• _Your goal_: Down to the last line, set down the material below exactly, excluding pictures.

• _Data provided_:
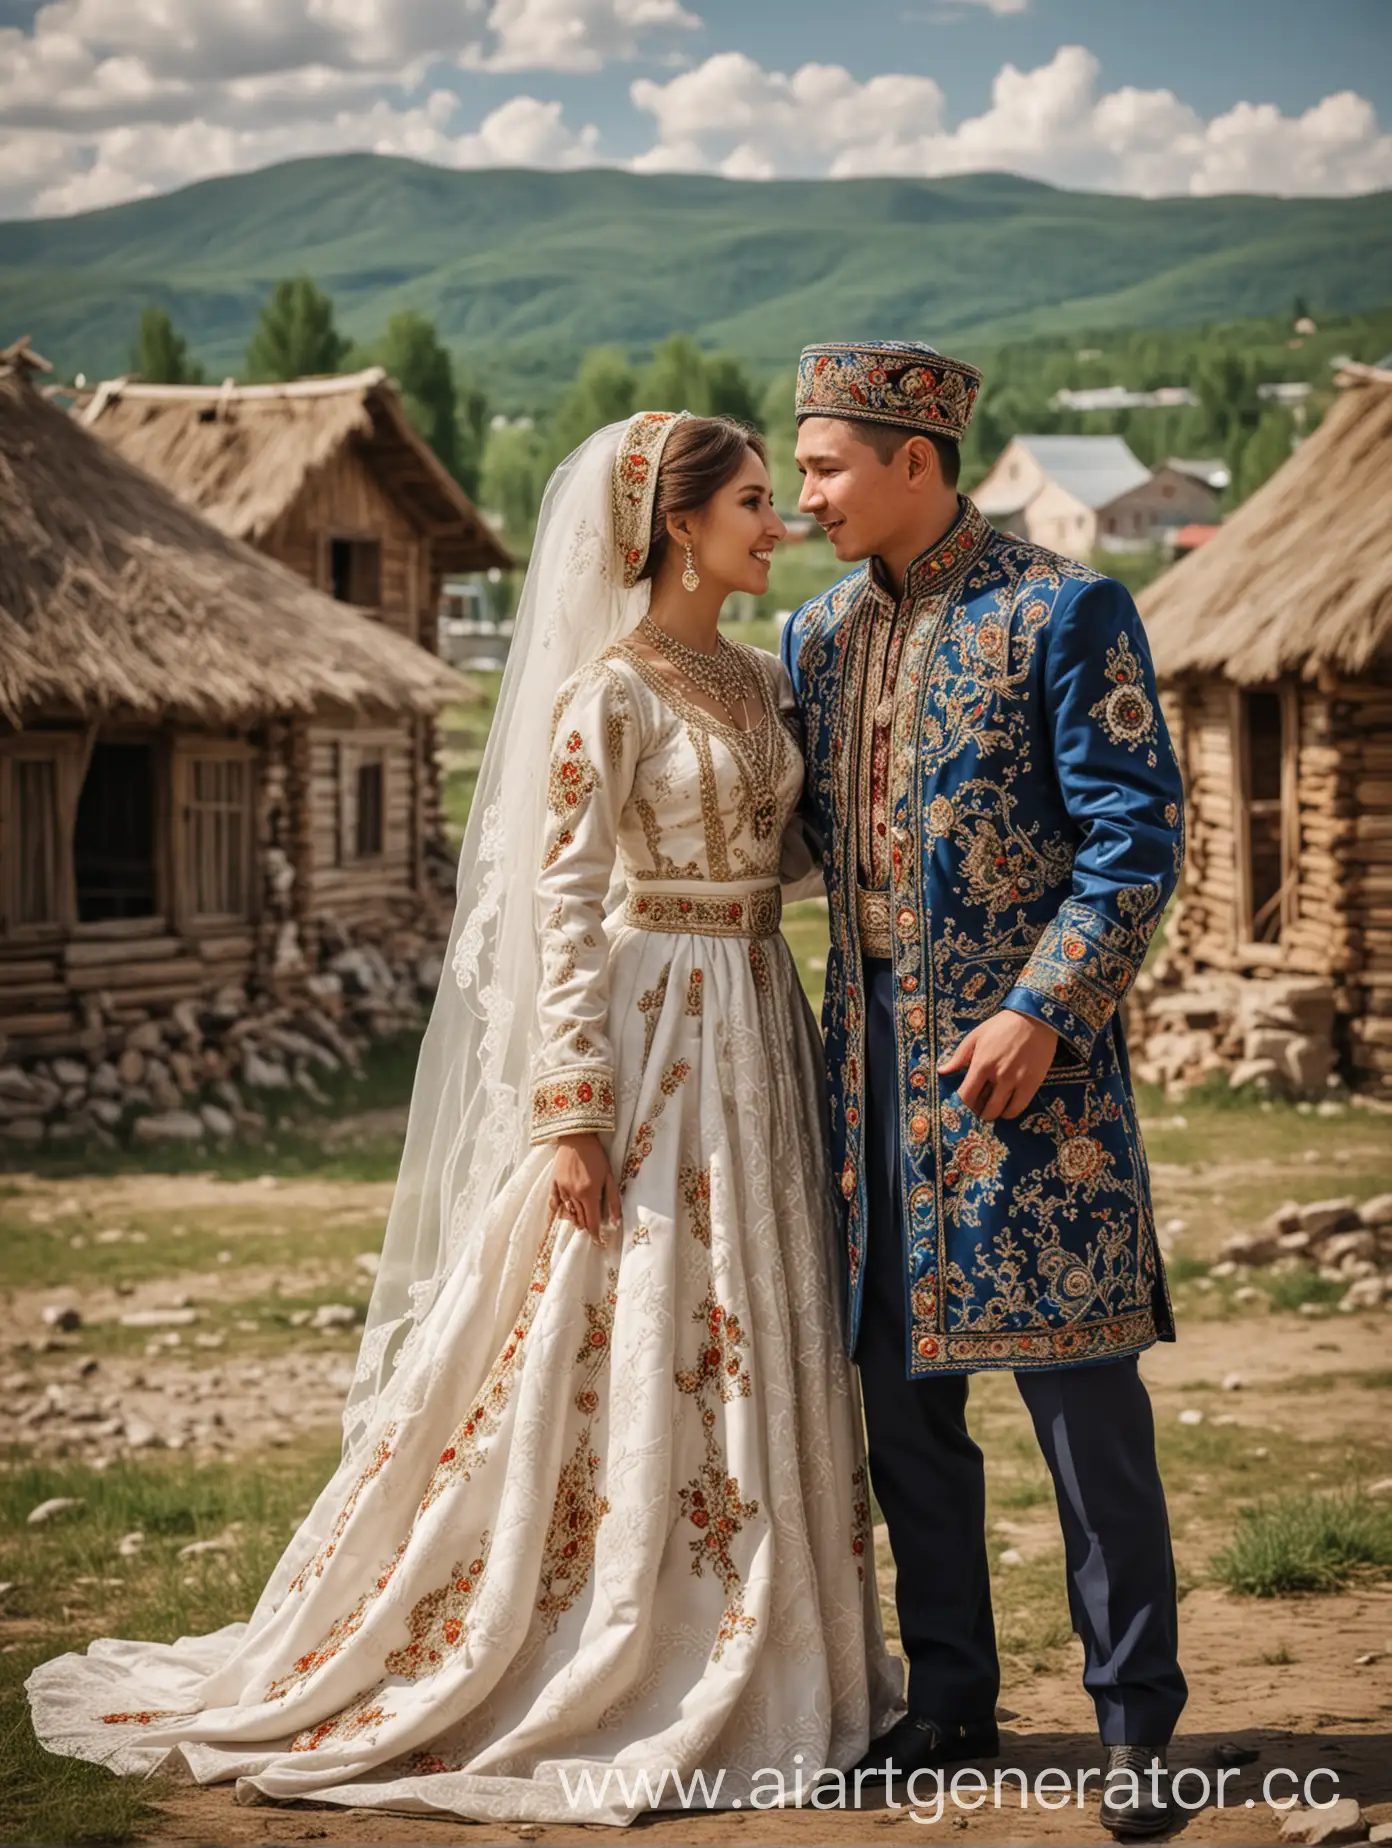 Традиционная башкирская свадьба, на изображении жених и невеста на фоне деревни 
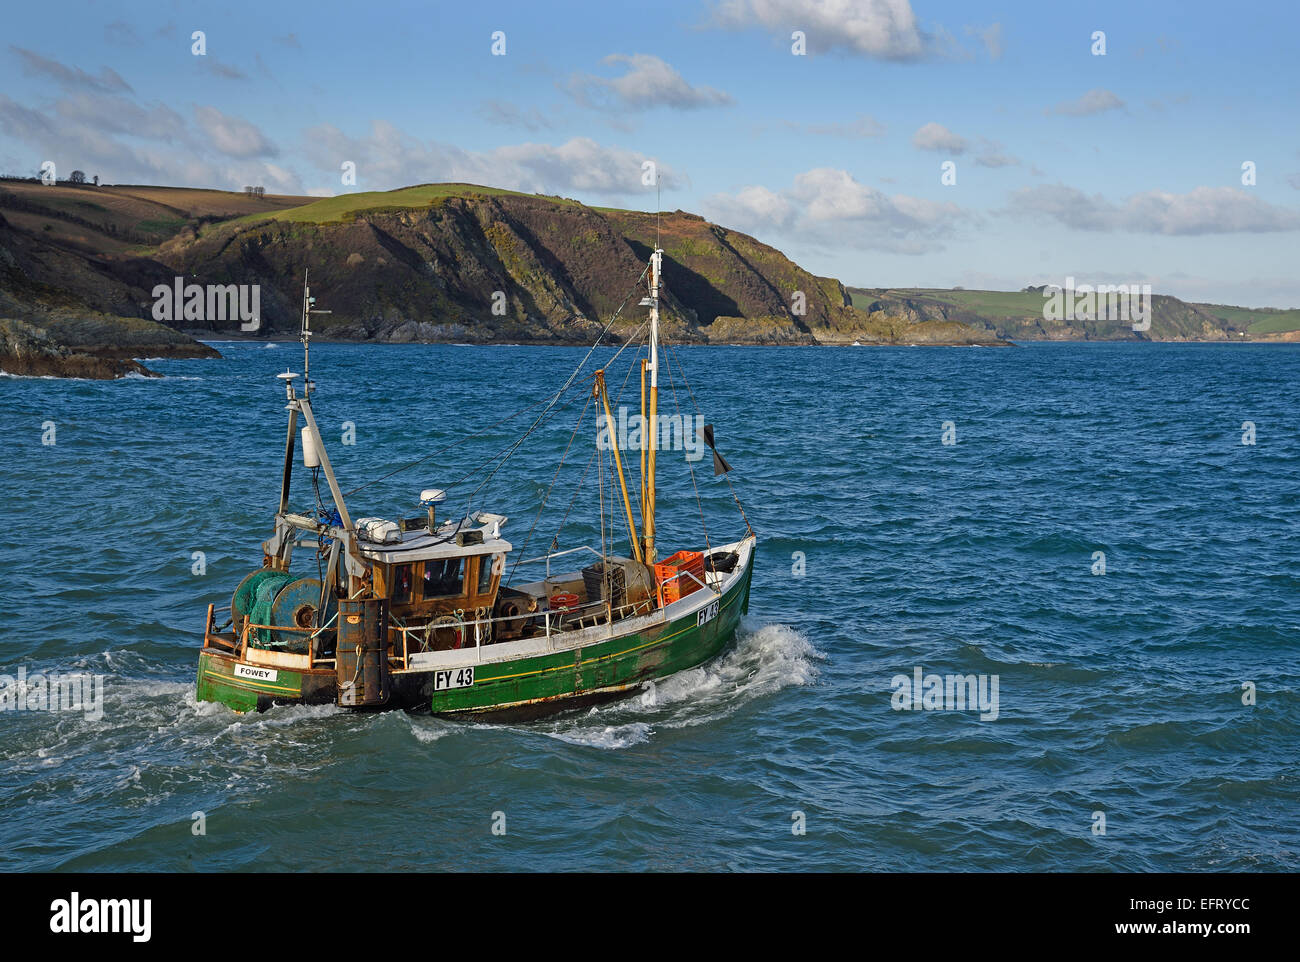 Fowey registered trawler, Lenten Rose FY43 leaving Mevagissey, Cornwall, UK Stock Photo
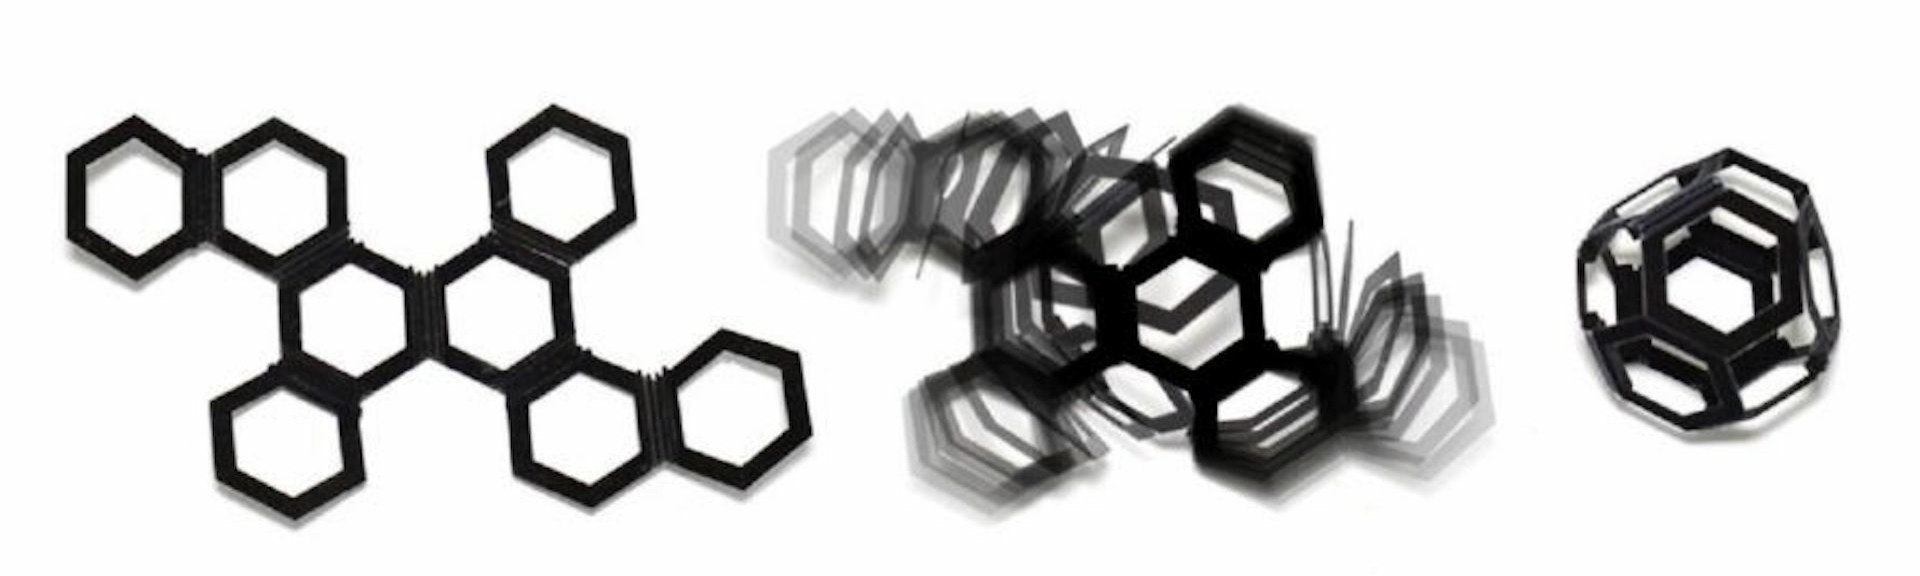 4d-printing-octahedron-Christan-kromme-Speaker-Futurist

• _Expected output_:
 Традиционная башкирская свадьба, на изображении жених и невеста на фоне деревни 
 Fowey registered trawler, Lenten Rose FY43 leaving Mevagissey, Cornwall, UK Stock Photo
 4d-printing-octahedron-Christan-kromme-Speaker-Futurist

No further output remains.